Transcranial direct current stimulation (tDCS) has been proposed as a potential non-pharmacological intervention for Attention-Deficit/Hyperactivity Disorder (ADHD). While evidence from pediatric populations is growing, the effects of tDCS in adults with ADHD remain insufficiently characterized, increasing recognition of ADHD as a lifelong neurodevelopmental condition with persistent functional impairments.

Objective

This systematic review aimed to evaluate the effects of tDCS in adults with ADHD across clinical, cognitive, and neurophysiological outcome domains.

Methods

Six electronic databases were systematically searched to identify peer-reviewed controlled trials evaluating tDCS interventions in adults with clinically diagnosed ADHD through May 2025. Data extraction encompassed clinical symptom outcomes, cognitive task performance, neurophysiological findings, adverse events, medication status, and stimulation protocols.
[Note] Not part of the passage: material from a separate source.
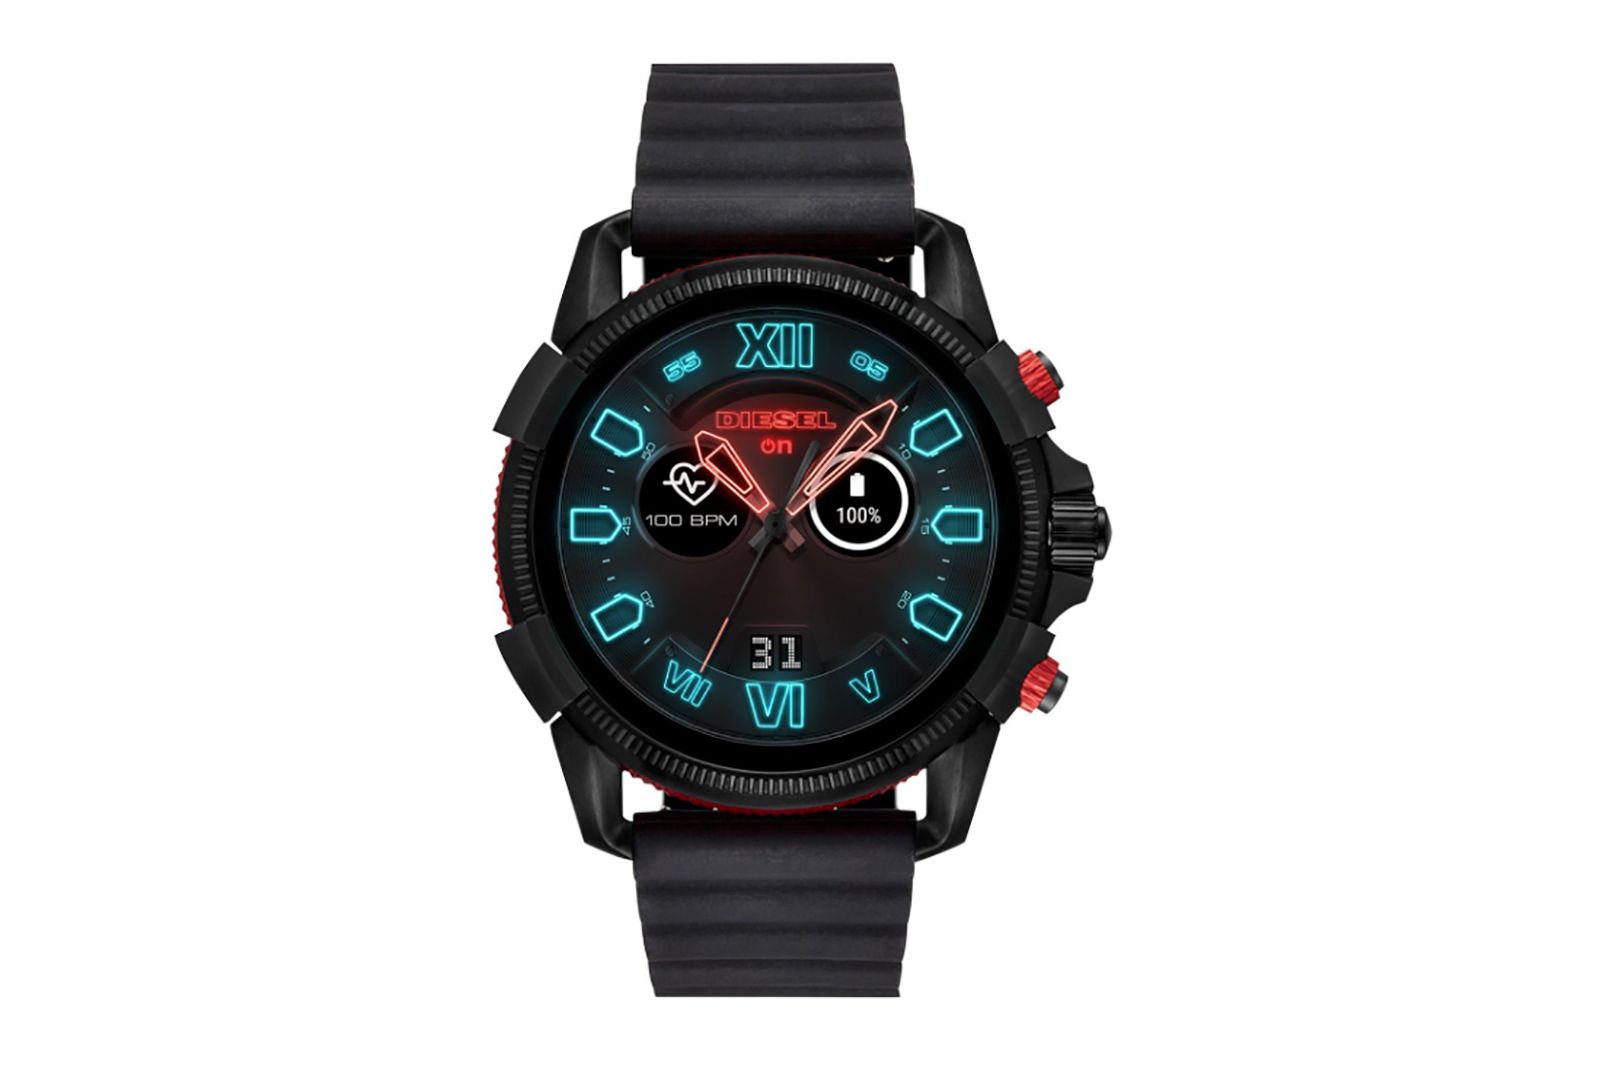 Diesel Full Guard 25 is the biggest Wear OS watch around image 1

Study quality was assessed using the Downs and Black checklist. Where sufficient data were available, an exploratory random-effects meta-analysis was conducted for clinical symptom outcomes; all other outcomes were synthesized narratively.

Results

Eleven controlled studies (n = 415) met inclusion criteria and were included in the qualitative synthesis. Two randomized controlled trials provided sufficient data for exploratory meta-analysis of clinical symptoms. Pooled results suggested a possible beneficial effect of tDCS on inattention symptoms, accompanied by substantial heterogeneity (I2 = 79.95 %), while no significant effect was observed for hyperactivity/impulsivity. Cognitive outcomes were heterogeneous and domain-specific, with some evidence of post-stimulation improvements in inhibitory control, working memory, and attentional measures. Two studies reported tDCS-induced modulation of frontal neurophysiological markers associated with cognitive control. Stimulation protocols varied considerably across studies, with no consistent association between specific parameters and outcomes. Adverse events were generally mild and transient, and follow-up data were limited.

Conclusions

Current evidence suggests that tDCS may exert domain-specific effects on inattention and selected cognitive functions in adults with ADHD. However, conclusions remain tentative due to methodological heterogeneity, small sample sizes, and limited quantitative evidence. Future research should prioritize standardized protocols, adequately powered trials with extended follow-up periods, integration of neurophysiological biomarkers, and systematic evaluation of individual difference factors to clarify the therapeutic potential and mechanisms, and advance precision neuromodulation approaches for adult ADHD.
经颅直流电刺激(tDCS)已被提出作为一种潜在的非药物干预注意缺陷/多动障碍(ADHD)。虽然来自儿科人群的证据越来越多,但tDCS对成年ADHD患者的影响仍然不够明确,这使得人们越来越认识到ADHD是一种终身神经发育疾病,伴有持续的功能障碍。目的:本系统综述旨在评估tDCS在成人ADHD患者的临床、认知和神经生理结果领域的影响。方法系统检索6个电子数据库,以确定截至2025年5月评估tDCS干预对临床诊断为ADHD的成人的同行评审对照试验。数据提取包括临床症状结果、认知任务表现、神经生理发现、不良事件、药物状态和刺激方案。使用Downs和Black检查表评估研究质量。在数据充足的情况下,对临床症状结局进行探索性随机效应荟萃分析;所有其他结果以叙述方式综合。结果6项对照研究(n = 415)符合纳入标准,纳入定性综合。两项随机对照试验为临床症状的探索性荟萃分析提供了足够的数据。综合结果表明,tDCS对注意力不集中症状可能有有益影响,但存在很大的异质性(I2 = 79.95%),而对多动/冲动没有显著影响。认知结果是异质的和特定领域的,在抑制控制、工作记忆和注意力测量方面有一些刺激后改善的证据。两项研究报道了tdcs诱导的与认知控制相关的额叶神经生理标记的调节。不同研究的增产方案差异很大,具体参数与结果之间没有一致的联系。不良事件通常是轻微和短暂的,随访数据有限。结论目前的证据表明,tDCS可能对成人ADHD患者的注意力不集中和选择性认知功能产生特定领域的影响。然而,由于方法的异质性、样本量小和定量证据有限,结论仍然是暂定的。未来的研究应优先考虑标准化的方案,延长随访期的充分有力的试验,整合神经生理生物标志物,系统评估个体差异因素,以阐明成人ADHD的治疗潜力和机制,并推进精确的神经调节方法。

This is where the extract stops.